Biodegradable materials are formed by mixing together two or more materials which have different resorption times and different mechanical characteristics. Devices formed of these materials can be used in mammals in numerous medical and surgical applications, including those for which the mechanical properties of the device, left in vivo, much change over time.

Description

MATERIALS FOR SHORT-TERM USE IN MAMMALS BACKGROUND
Field of Endeavor
[0001] The present invention relates to materials and processes useful in treatment of mammalian bodies, and more specifically to materials which degrade over time in vivo and processes of their use.

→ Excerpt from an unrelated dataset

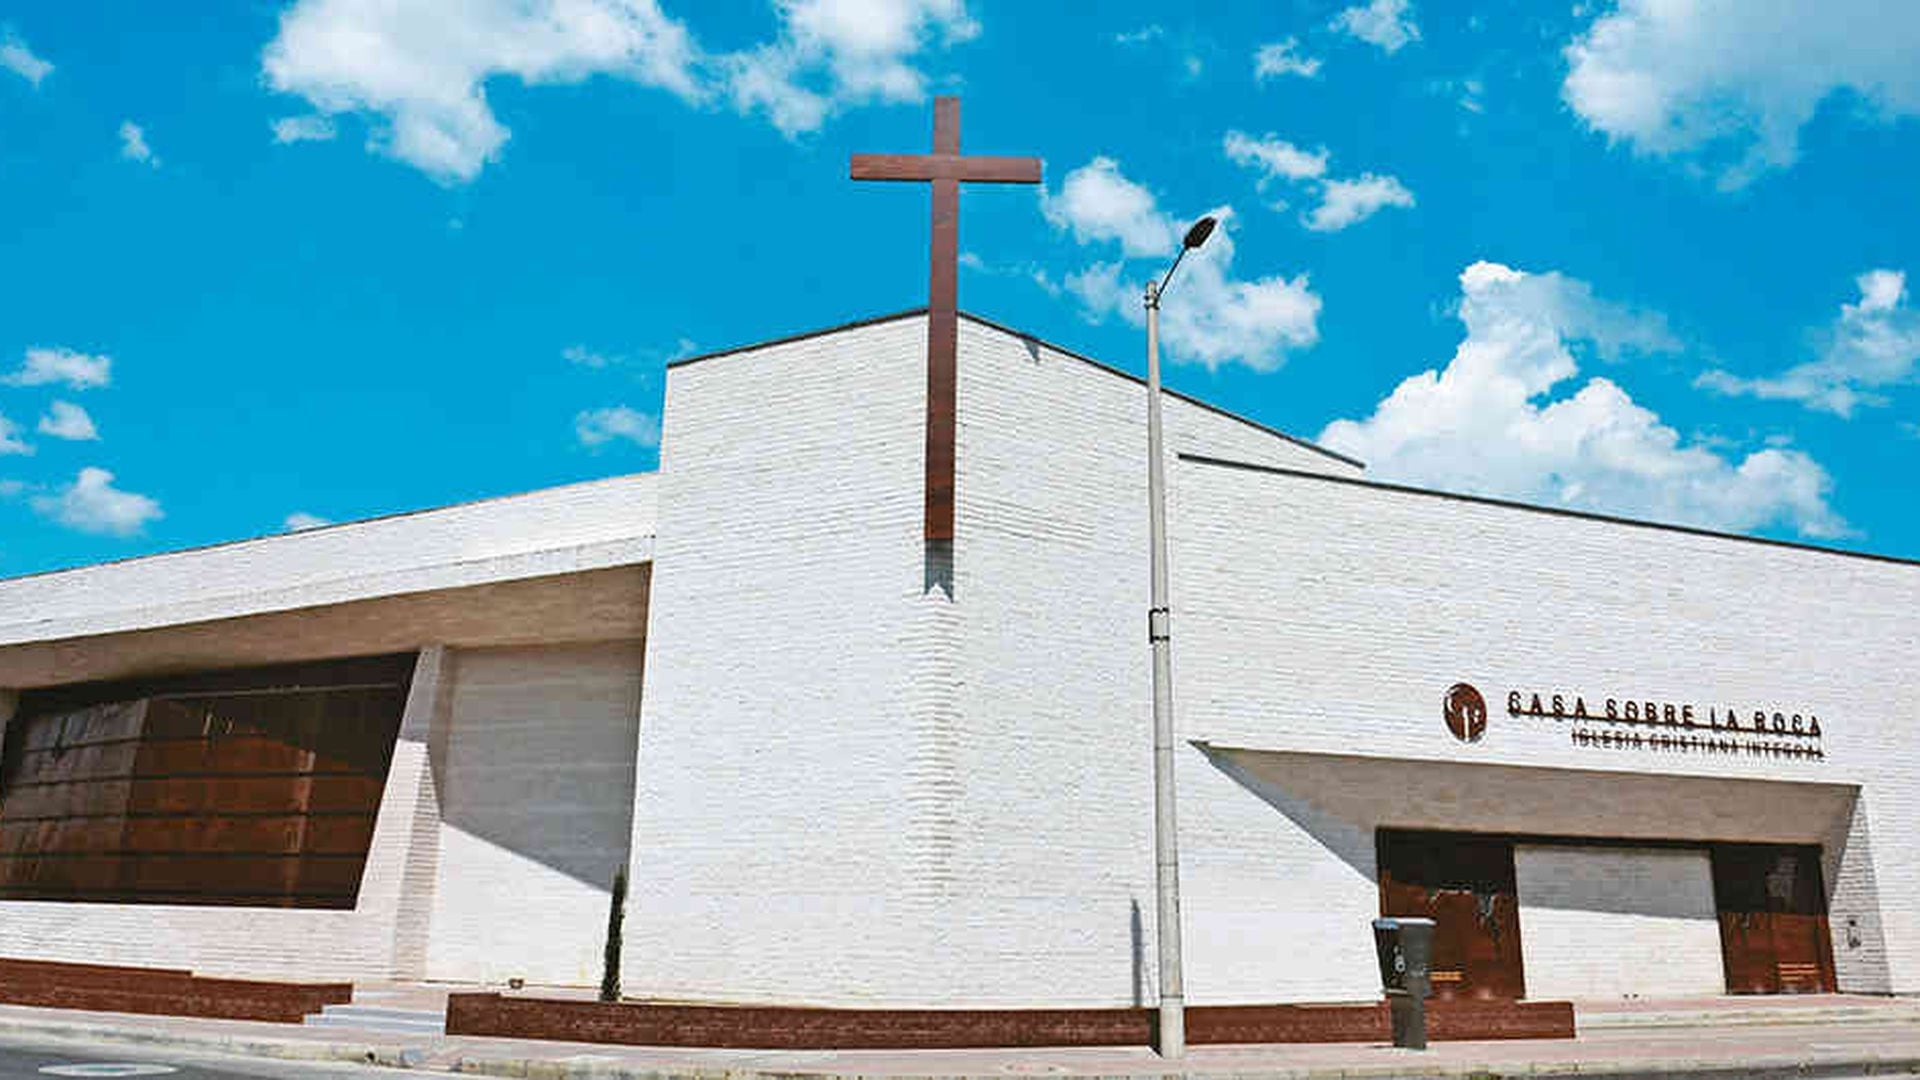 Iglesia cristiana Casa sobre la Roca y su impacto en Bogota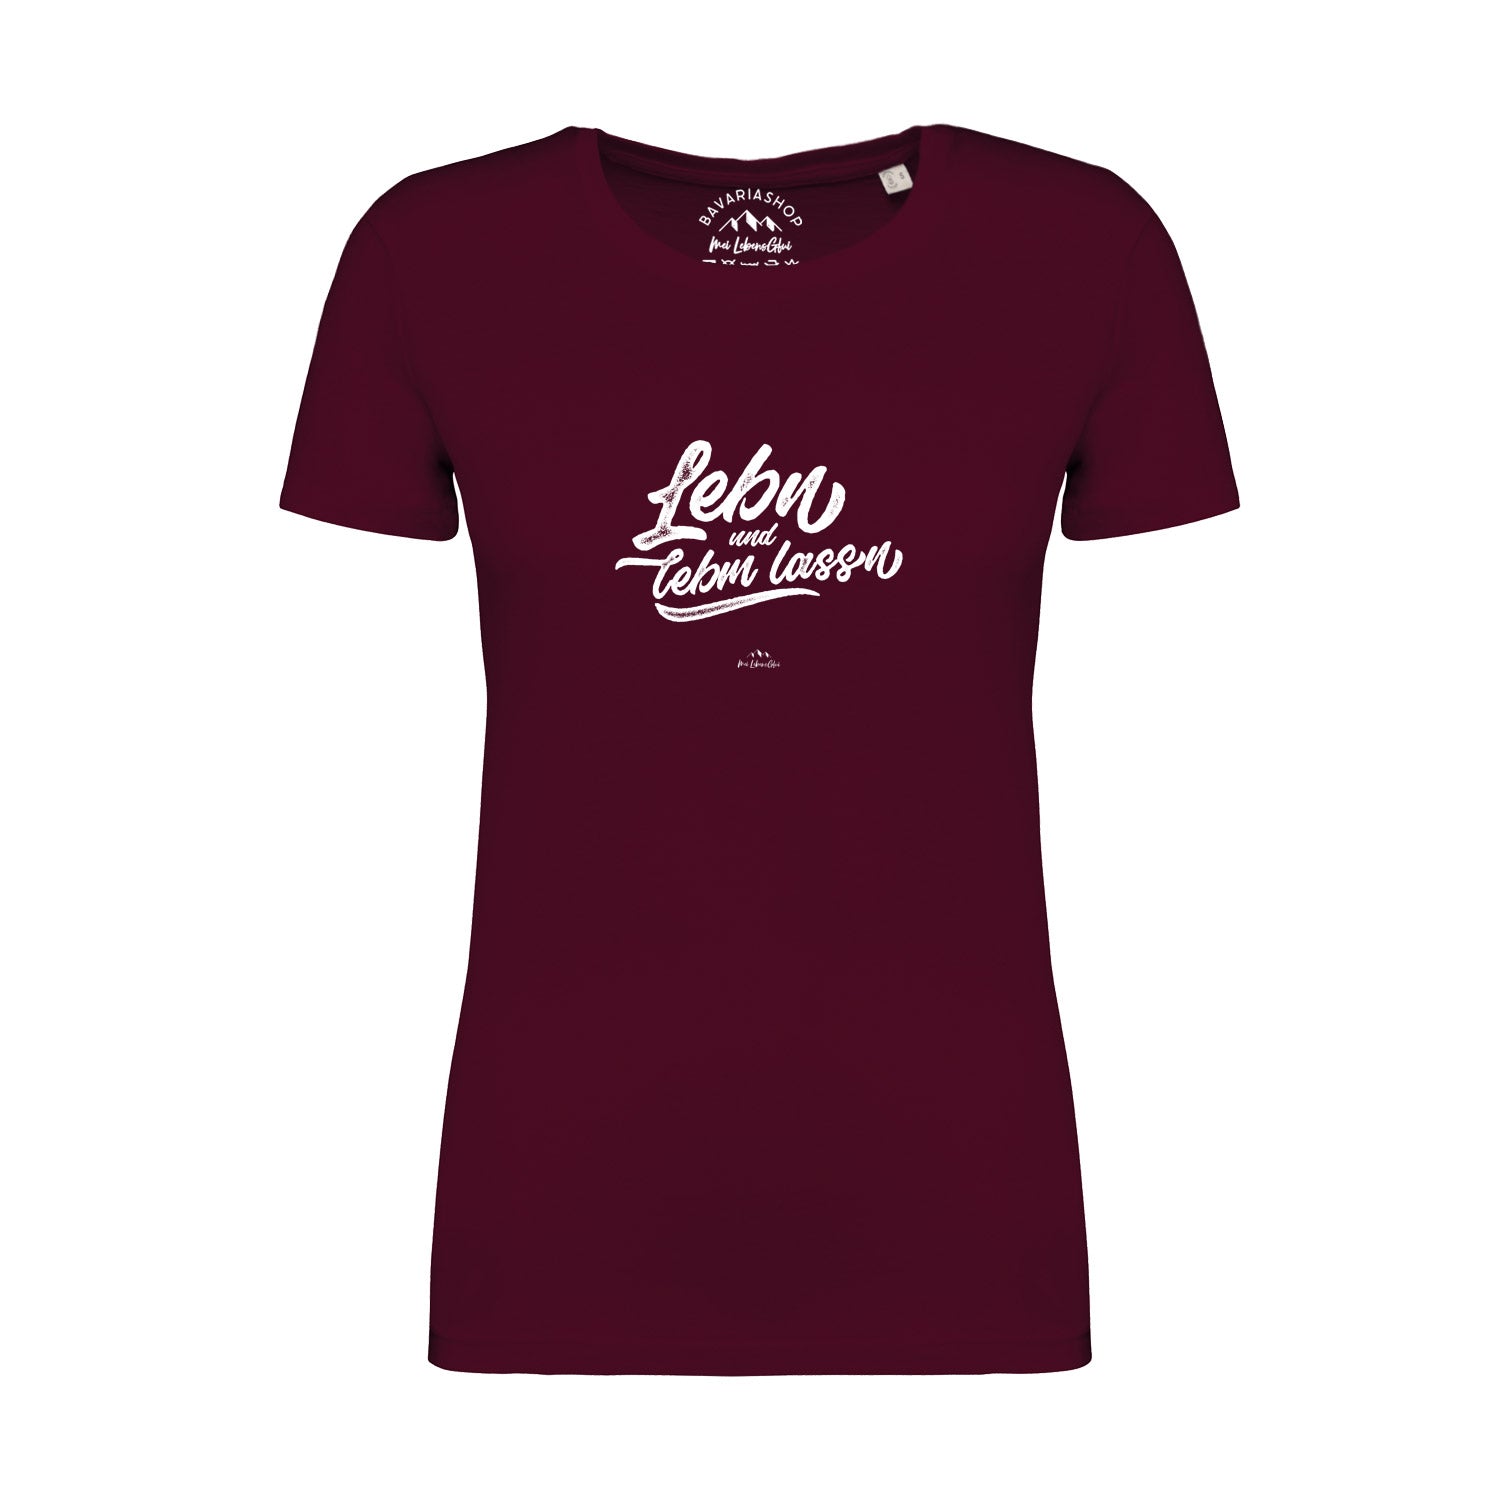 Damen T-Shirt "Lebn und lebm lassn"

Brief Description of the Related Art
[0002] Resorbable materials have been part of the medical literature for quite a while. The most obvious example is resorbable "Gut" or Chromic Suture. A substantial body of work has been done to make a number of sutures resorbable; examples would include Vicryl, Poly- glycolic acid, and Polydioxanone which are synthesized to selectively hydrolyze and be resorbed by the body. Other examples of resorbable materials are staples or surgical clips used for ligation, poly-lactic acid screws used in orthopedic repairs, haemostatic materials such as starch, oxidized cellulose, or gel foam.
SUMMARY
[0003] One of numerous aspects of the present inventions includes a bioresorbable device comprising a first subcomponent formed of a first bioresorbable material, and a second subcomponent formed of a second bioresorbable material, wherein the first bioresorbable material and the second bioresorbable material are mutually selected to degrade in vivo at at least two different rates. DET AILED DESCRIPTION OF EXEMPLARY EMBODIMENTS
[0004] In general terms, materials embodying principles of the present invention combine materials to provide for a structure which can have multiple resorption times frames depending on the end use of the product. The materials can be fabricated as a laminate, alloy, or composite providing the multiple resorption time frames.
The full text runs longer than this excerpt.